External Plagiarism Detection 2009
Synopsis
- Task: Given a set of suspicious documents and a set of potential source documents, the task is to find all plagiarized passages in the suspicious documents and their corresponding source passages in the source documents.
- Input: [data]
- Evaluator: [code]
Award
We are happy to announce the following overall winner of the 1st International Competition on Plagiarism Detection who will be awarded 500,- Euro sponsored by Yahoo! Research:
- Task winner of the external plagiarism detection task, and overall winner, are Cristian Grozea, Christian Gehl, and Marius Popescu from Fraunhofer FIRST and the University of Bucharest.
Congratulations!
Input
To develop your approach, we provide you with a training corpus which comprises a set of suspicious documents and a set of source documents. A suspicious document may contain plagiarized passages from one or more source documents.
Output
For each suspicious document suspicious-documentXYZ.txt
found in the evaluation
corpora, your plagiarism detector shall output an XML file
suspicious-documentXYZ.xml
which contains meta information about all plagiarism
cases detected within:
<document reference="suspicious-documentXYZ.txt"> <feature name="detected-plagiarism" this_offset="5" this_length="1000" source_reference="suspicious-documentABC.txt" source_offset="100" source_length="1000" /> ... </document>
The source_*
attributes may be omitted in case no source document can be identified for
a given detected plagiarized passage.
Evaluation
Performance will be measured using macro-averaged precision and recall, granularity, and the plagdet score, which is a combination of the first three measures.

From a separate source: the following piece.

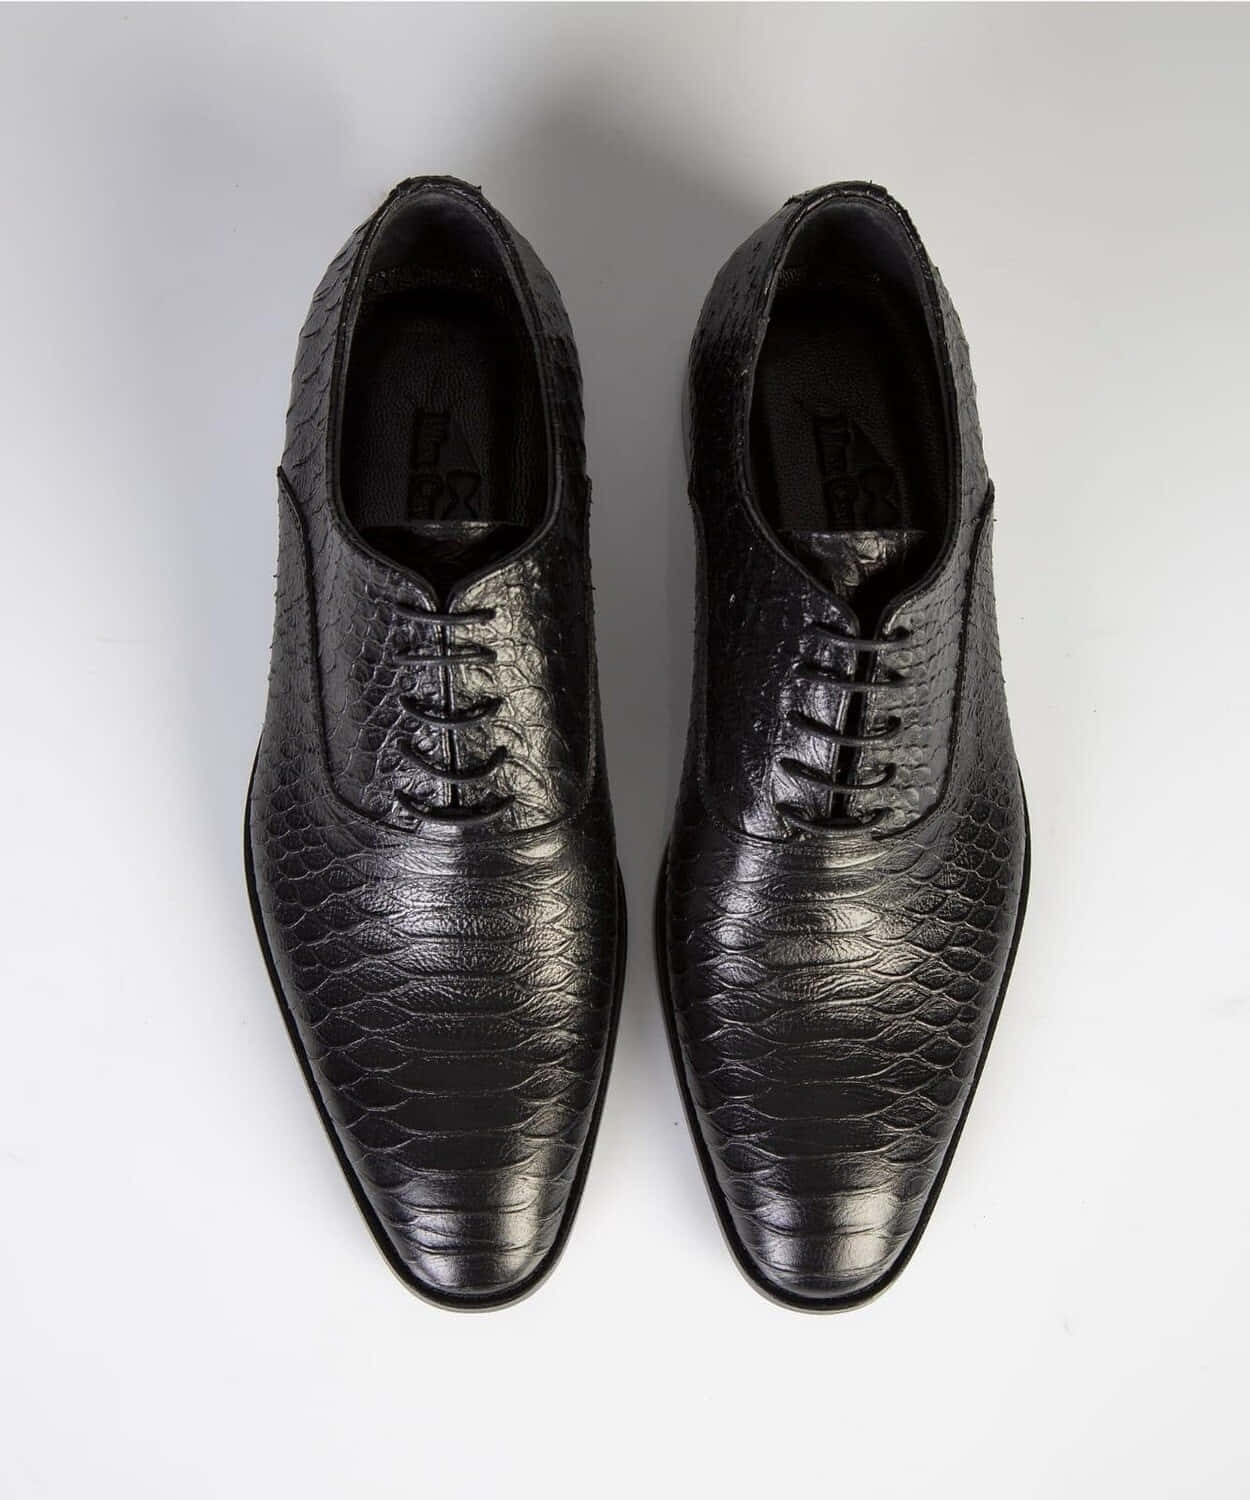 A Pair Of Black Crocodile Skin Shoes On A White Background

For your convenience, we provide a reference implementation of the measures written in Python.
Results
The following table lists the performances achieved by the participating teams:
Plagiarism Detection Performance | |
---|---|
Plagdet | Participant |
0.6957 | C. Grozea*, C. Gehl*, and M. Popescu° *Fraunhofer FIRST, Germany, and °University of Bucharest, Romania |
0.6093 | J. Kasprzak, M. Brandejs, and M. Křipač Masaryk University, Czech Republic |
0.6041 | C. Basile*, D. Benedetto°, E. Caglioti°, G. Cristadoro*, and M. Degli Esposti* *Università di Bologna and °Università La Sapienza, Italy |
0.3045 | Y. A. Palkovskii Zhytomyr State University, Ukraine |
0.1885 | M. Zechner, M. Muhr, R. Kern, and M. Granitzer Know-Center Graz, Austria |
0.1422 | V. Shcherbinin* and S. Butakov° *American University of Nigeria, Nigeria, and °Solbridge International School of Business, South Korea |
0.0649 | R. C. Pereira, V. P. Moreira, and R. Galante Universidade Federal do Rio Grande do Sul, Brazil |
0.0264 | E. Vallés Balaguer Private, Spain |
0.0187 | J. A. Malcolm and P. C. R. Lane Ferret, University of Hertfordshire, UK |
0.0117 | J. Allen Southern Methodist University in Dallas, USA |
A more detailed analysis of the detection performances can be found in the overview paper accompanying this task.